The dye layer is a cellulose-based resin such as ethyl cellulose, hydroxyethyl cellulose, ethyl hydroxycellulose, hydroxypropyl cellulose, methyl cellulose, cellulose acetate, cellulose butyrate, or vinyl-based resin such as polyvinyl alcohol, polyvinyl acetate, polyvinyl butyral, polyvinyl acetoacetal, and polyvinylpyrrolidone. It is preferable to contain a resin, a (meth) acrylic resin such as poly (meth) acrylate and poly (meth) acrylamide, a polyurethane resin, a polyamide resin, a binder resin such as a polyester resin, and the like.

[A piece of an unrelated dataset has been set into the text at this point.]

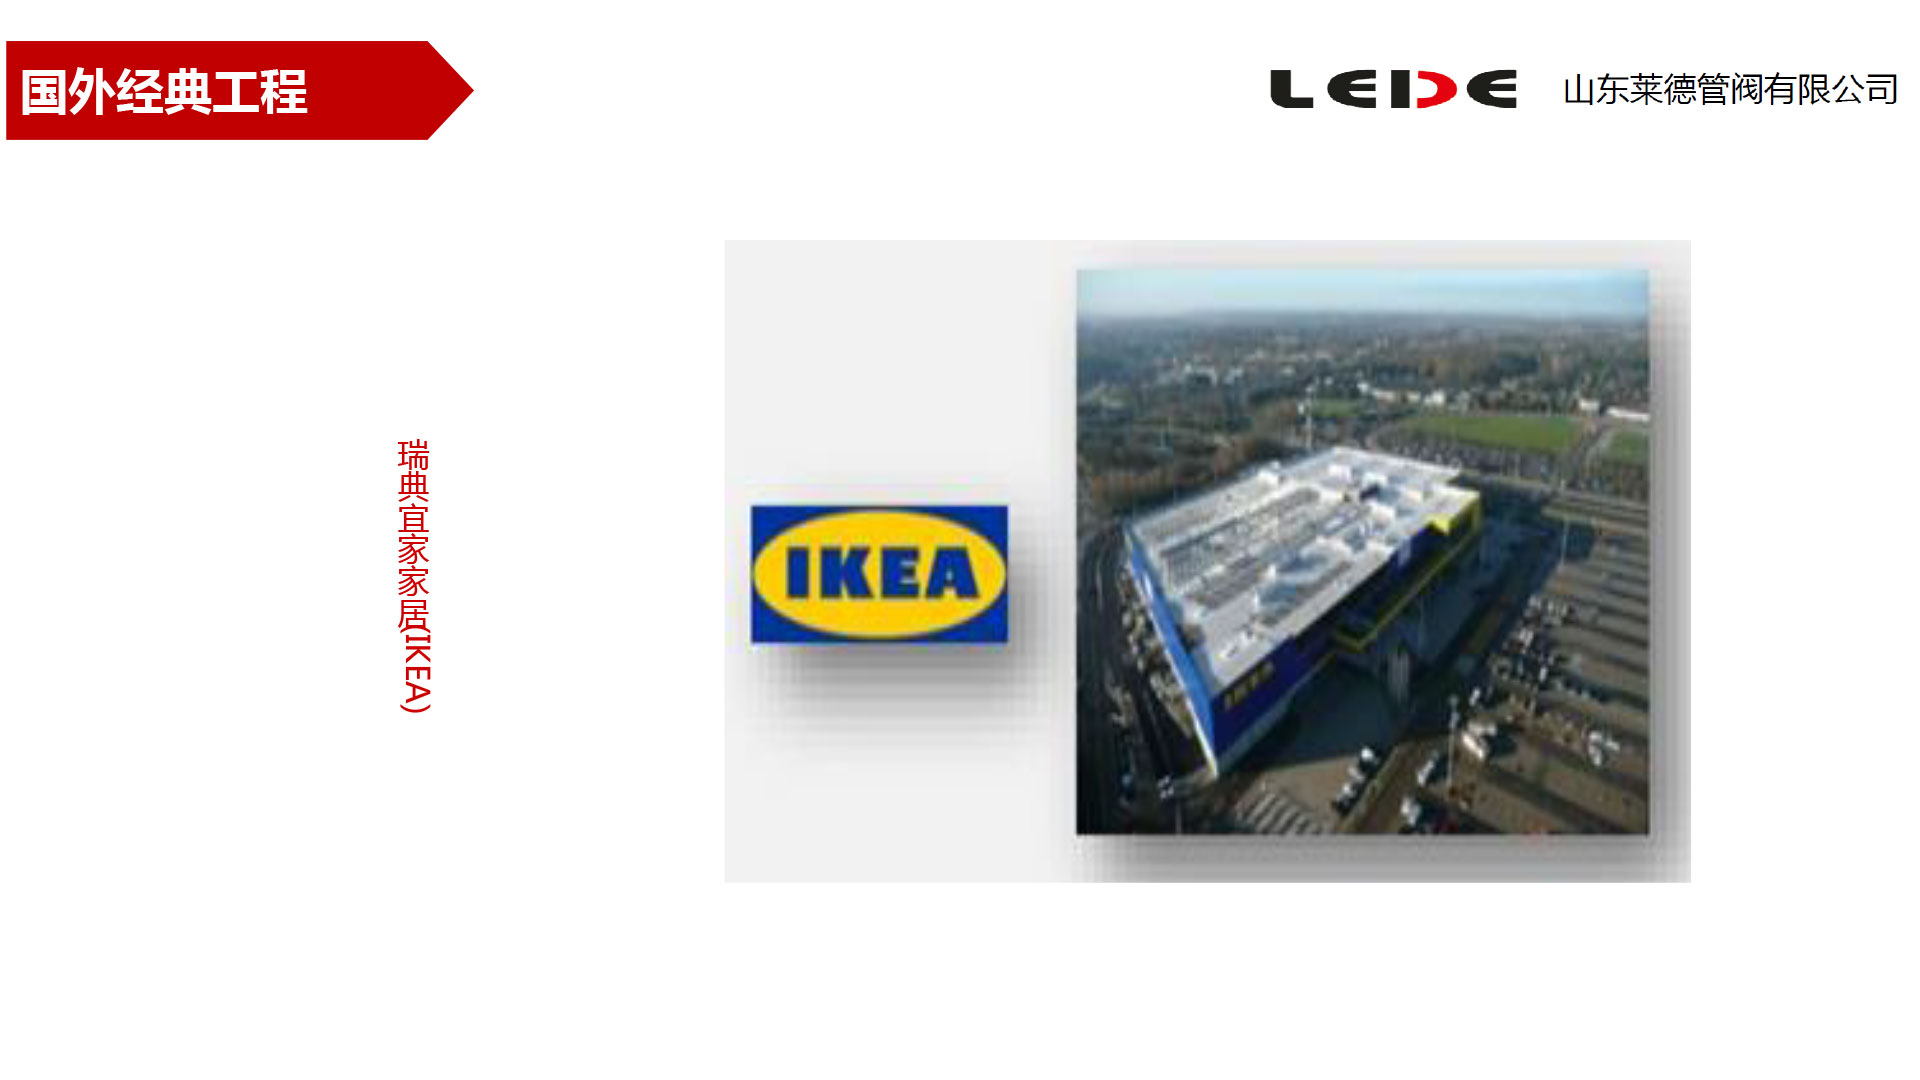 瑞典宜家家居(IKEA)

The thickness of the dye layer is not particularly limited, and can be, for example, 0.2 μm or more and 2 μm.

To form the dye layer, the above material is dispersed or dissolved in water or an appropriate solvent to obtain a coating liquid for forming the dye layer, which is used as a roll coater, reverse roll coater, gravure coater, reverse gravure coater, bar coater and rod. It can be formed by applying it on a base material or a primer layer by a known means such as a coater to form a coating film, and then drying the coating film.

(Primer layer)
In one embodiment, the thermal transfer sheet according to the invention comprises a primer layer between the dye layer and the substrate. The primer layer is provided to improve the adhesion between the base material and the dye layer and to prevent so-called abnormal transfer in which the entire dye layer is removed during transfer.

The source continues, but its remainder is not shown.